The earliest expressions of this radical movement were in art. Music was perhaps the quintessential form, in particular with Beethoven, who refused to compromise his vision in the search for popular approval. He became an exemplar of genius, an individual who could transcend the normal and mundane to produce works of such quality that they reflected a religious-like power. There were also poets like Byron, novelists like Mary Shelley, painters like Eugène Delacroix. They were the rock stars of their time, often dying young and dramatically.
Later, Romantics with their vitalism and unexplained causes, delineated the 19th century ideology of ethno-nationalism in the newly formed nation states. The root of this idea came from Fichte. This led, of course, to fascism with its "Volk", a consequence of which was the exclusion of the other, but also influenced popular revolts (e.g. 1848). Later, it helped to shape how democracies functioned, as they began to attempt to obey as well as harness "the will of the people" at the moment that popular participation increased and new communications media became available.

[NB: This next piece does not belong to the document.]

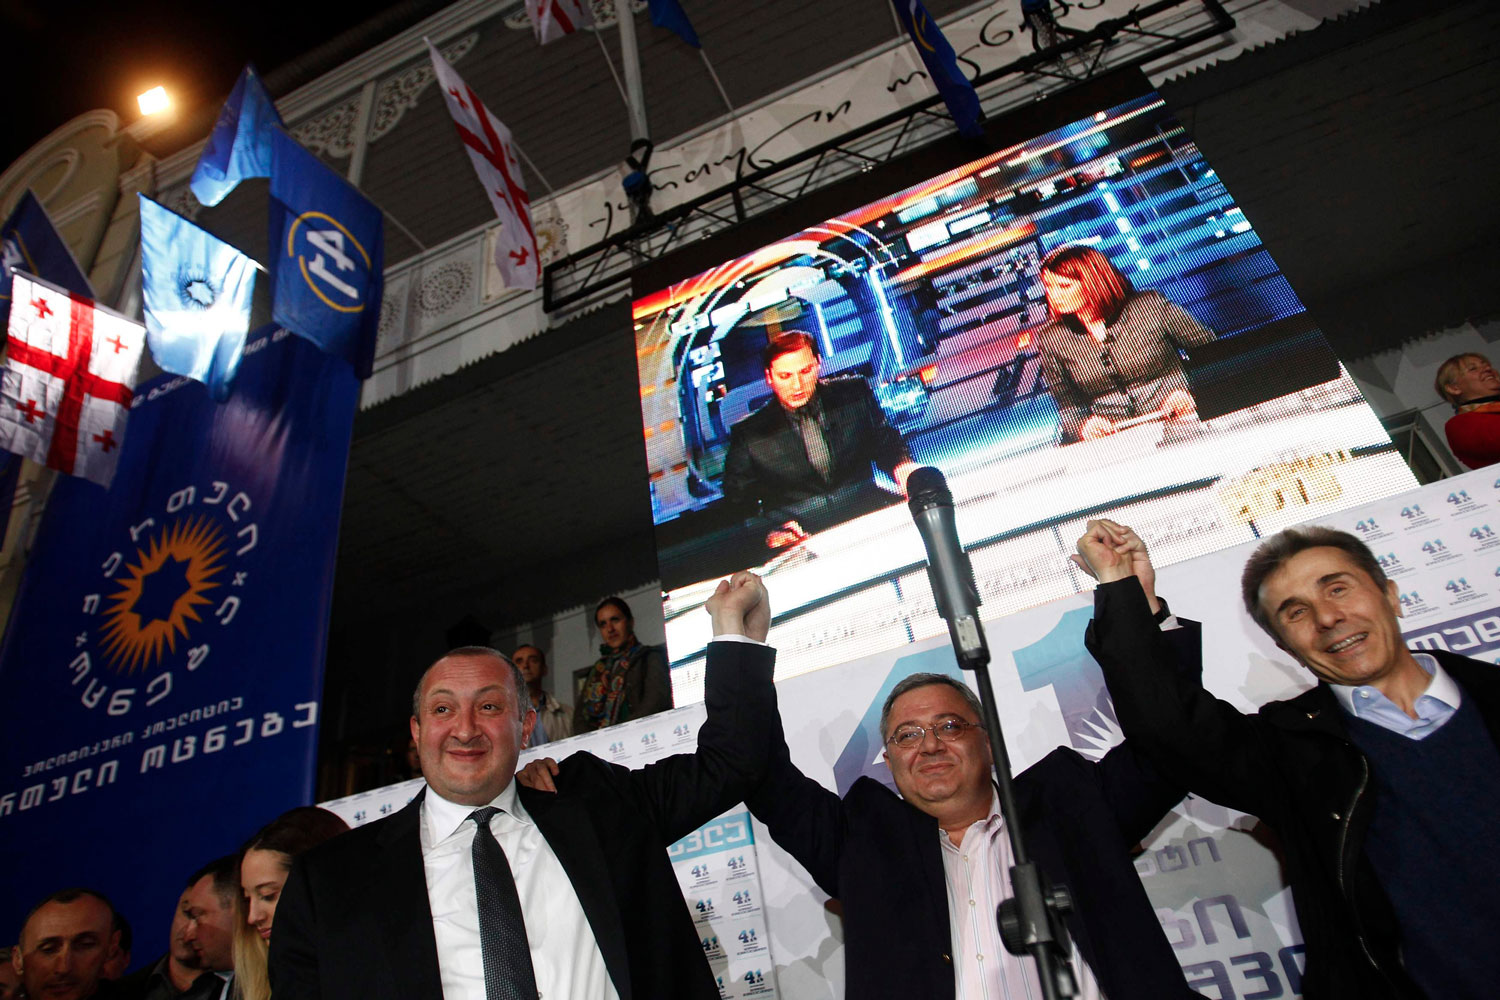 El candidato oficialista Giorgi Margvelashvili gana las elecciones presidenciales en Georgia

As the movement evolved, there were many moments of friction with Enlightenment forces, including industrialization but also in the establishment of university disciplines and scientific research. These proved to be fruitful conflicts, leading to modernism – with its assumption of optimal forms – but also to depth psychology, with Freud's Interpretation of Dreams and Jung's Collective Unconscious. Indeed, the polarizing oppositions survive to this very day: some see a technocratic world of reason (the logical endpoint of the Enlightenment precepts) as a prison determined by the biases of an elite rather than rational decisions, advocating for market forces as the best arbiters of efficiency and fairness. Rousseau would have said something similar, though perhaps as a corporatist fascist.
I have a particular soft spot for the Romantics. With their skepticism and self awareness, they offered the best challenge to Enlightenment intellectual arrogance. This book offers a splendid complement to the more philosophical Roots of Romanticism by Isaiah Berlin. It is vividly written, evoking the art and thoughts of its protagonists. An absolutely wonderful read.
Related review on the philosophical importance of the Romantics:
Review from 2019.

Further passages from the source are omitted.